The ministry has also mobilized 2,700 motorized vehicles, including 35 ships, 148 specialized automobiles and 1,570 common ones, which are ready for potential search and rescue operations, according to Vietnam's National Steering Committee for Natural Disaster Prevention and Control on Thursday.

Meanwhile, border guards in the country's northern and central regions, from Quang Ninh province to Quang Binh province, have notified and guided over 36,300 ships and boats with a total of 137,700 people on board and 11,300 facilities used for mariculture with 14 ,700 people to avoid areas potentially hit by Bebinca.

The typhoon is likely to enter coastal areas from northern Hai Phong city to central Nghe An province on Friday early morning and then weaken into a tropical depression later on the same day, Vietnam's National Center for Hydro-Meteorological Forecasting said on Thursday.

Vietnamese localities are keeping strict surveillance on dykes and reservoirs, and organizing evacuation of local residents in low-lying, coastal, and landslide-prone areas.

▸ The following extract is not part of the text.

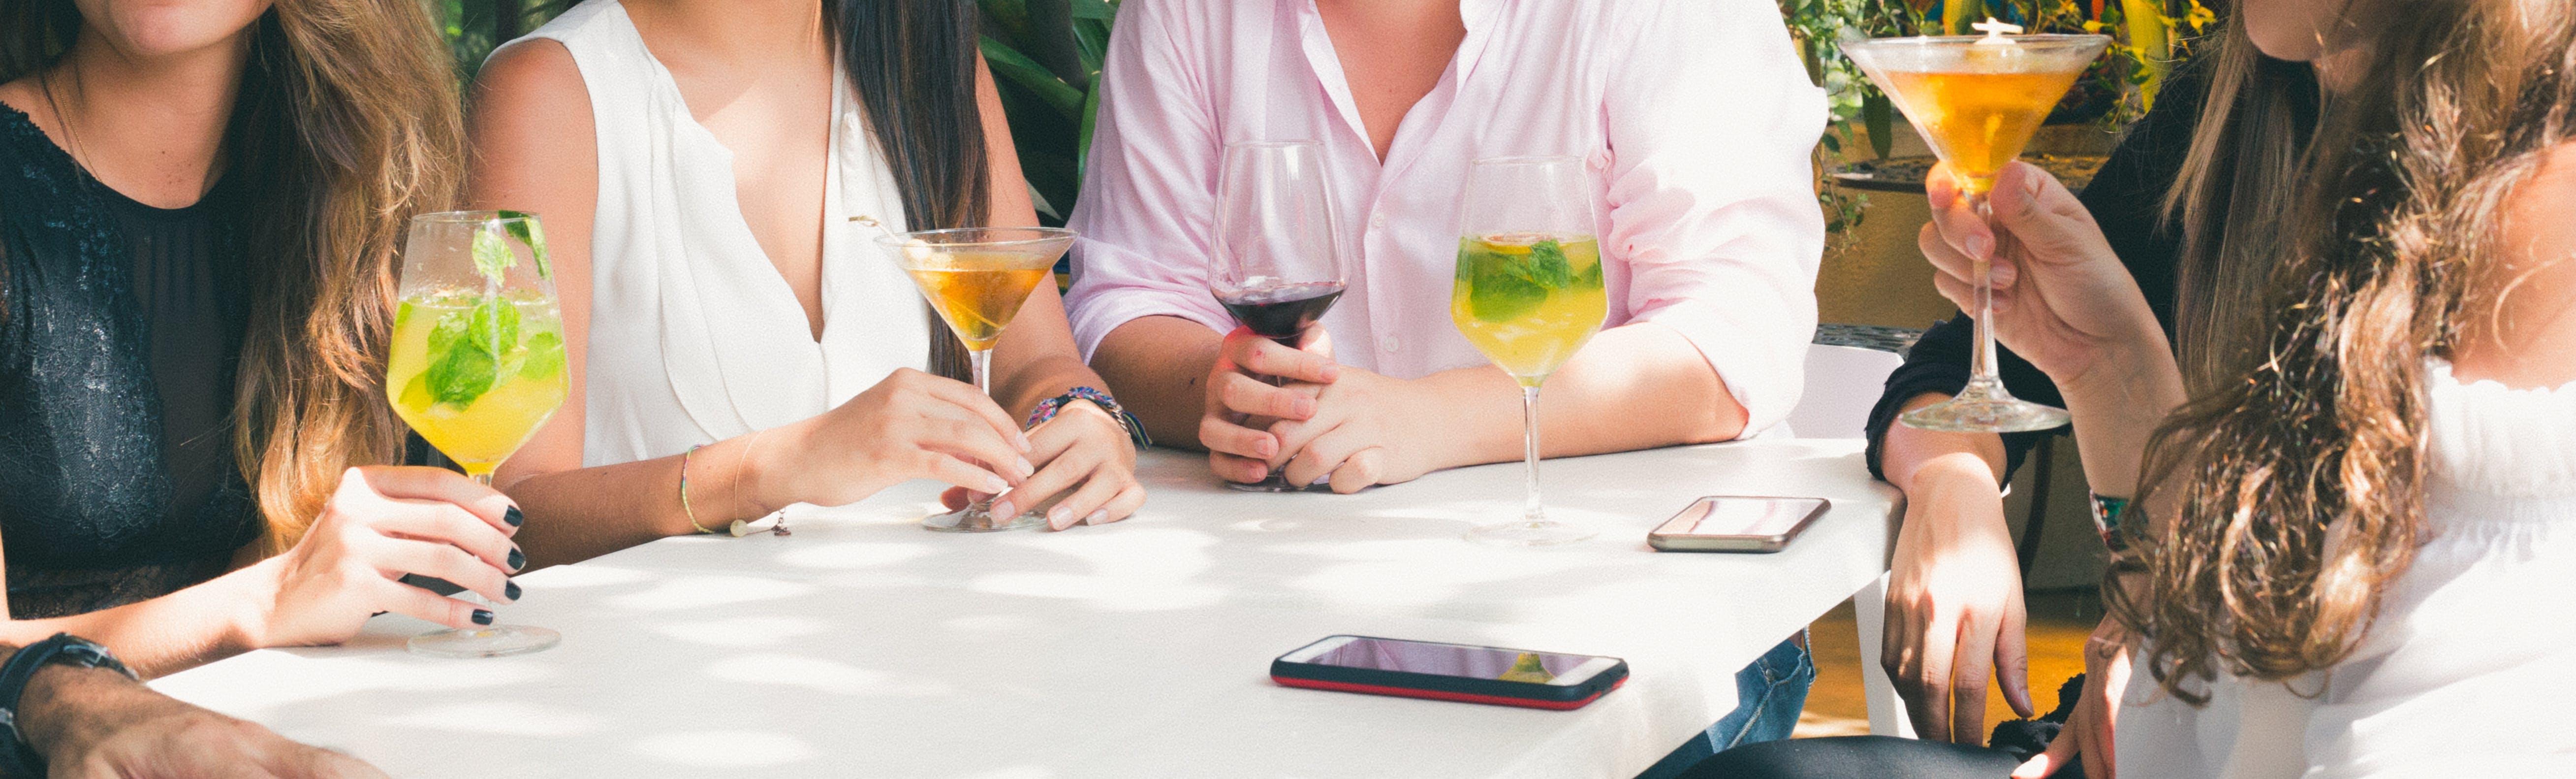 Kostenloses Stock Foto zu alkohol, cocktailglas, drinnen, frauen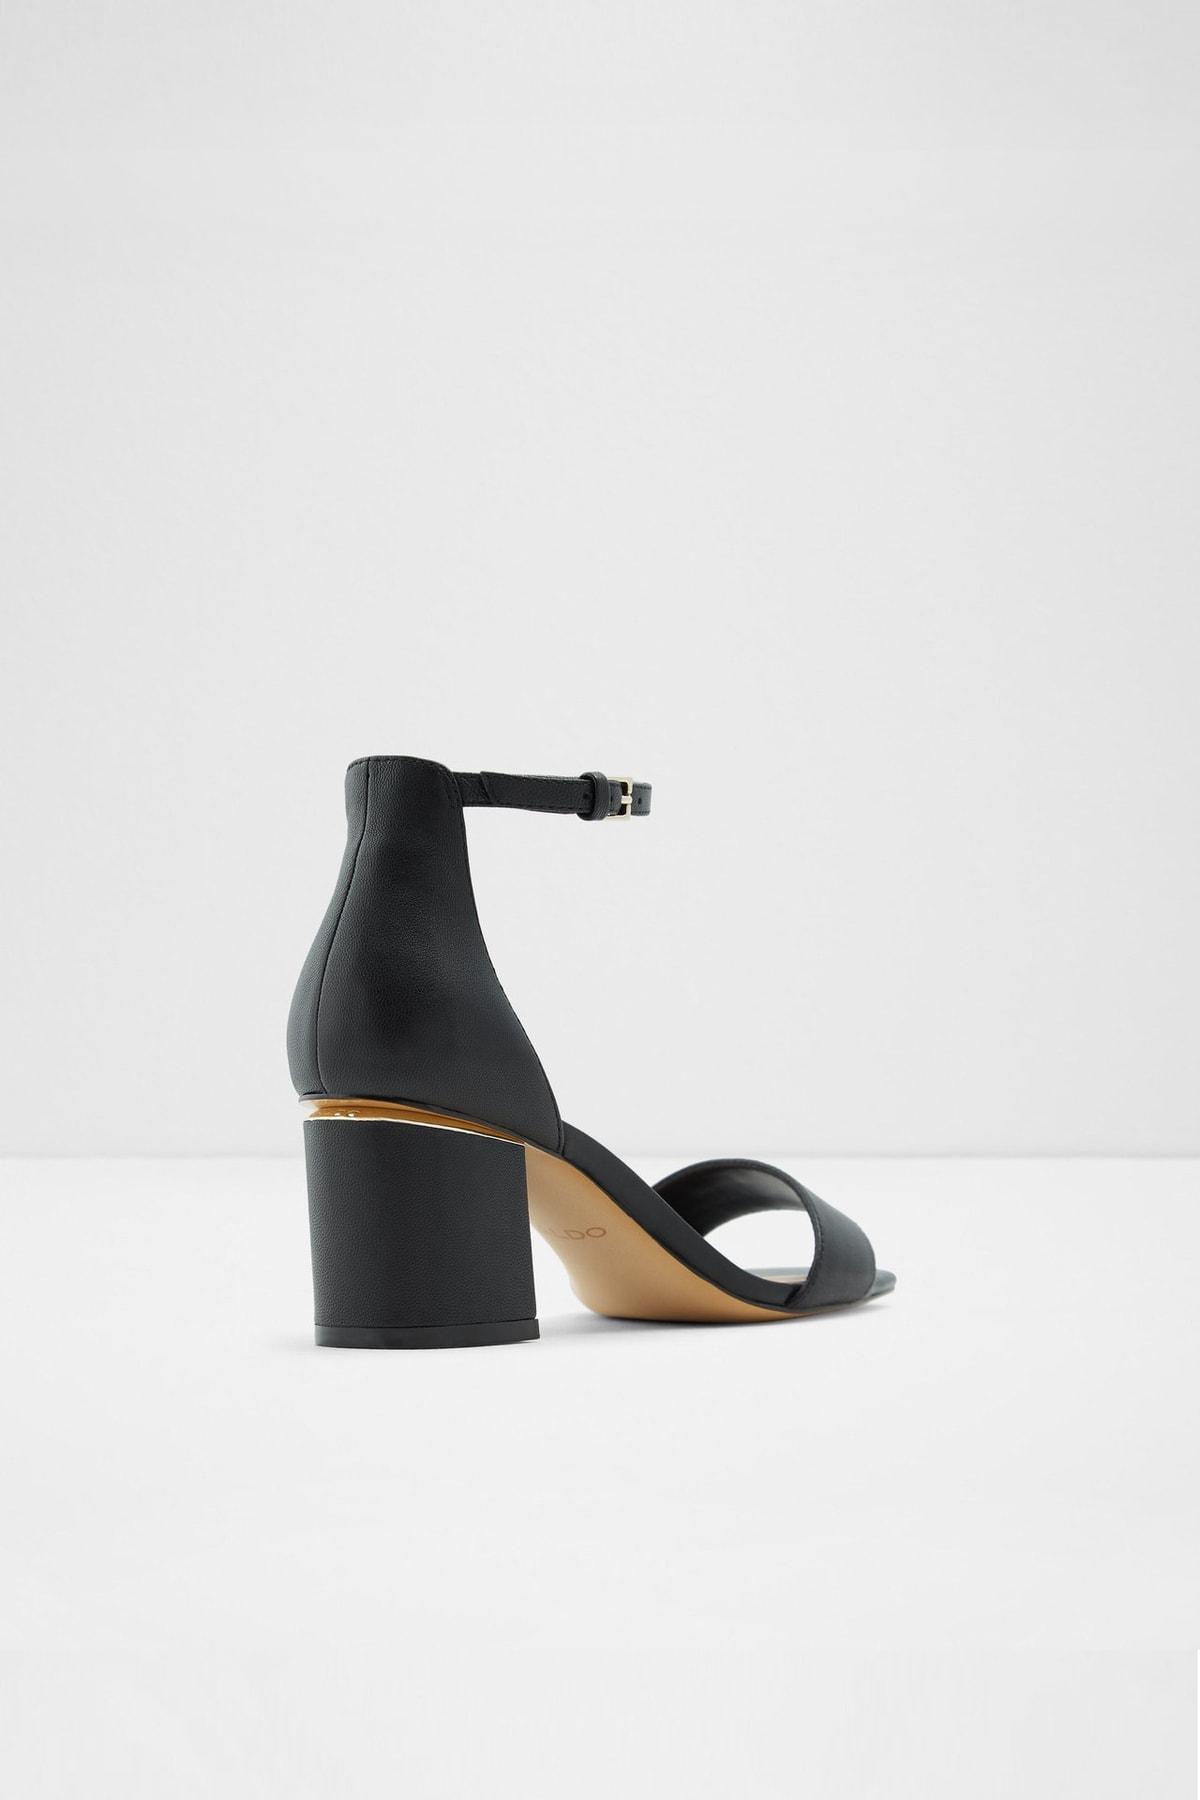 Aldo Kadın Siyah Orta Topuklu Ayakkabı 2

Natural disasters, mainly typhoons, flash floods and landslides, killed or left missing 78 people and injured 64 others, destroyed over 740 houses, damaged 18,100 other houses, and damaged 12,600 hectares of rice and other crops, causing property losses of around 1,468 billion Vietnamese dong (63.8 million U.S. dollars) in the first seven months of this year, said Vietnam's General Statistics Office.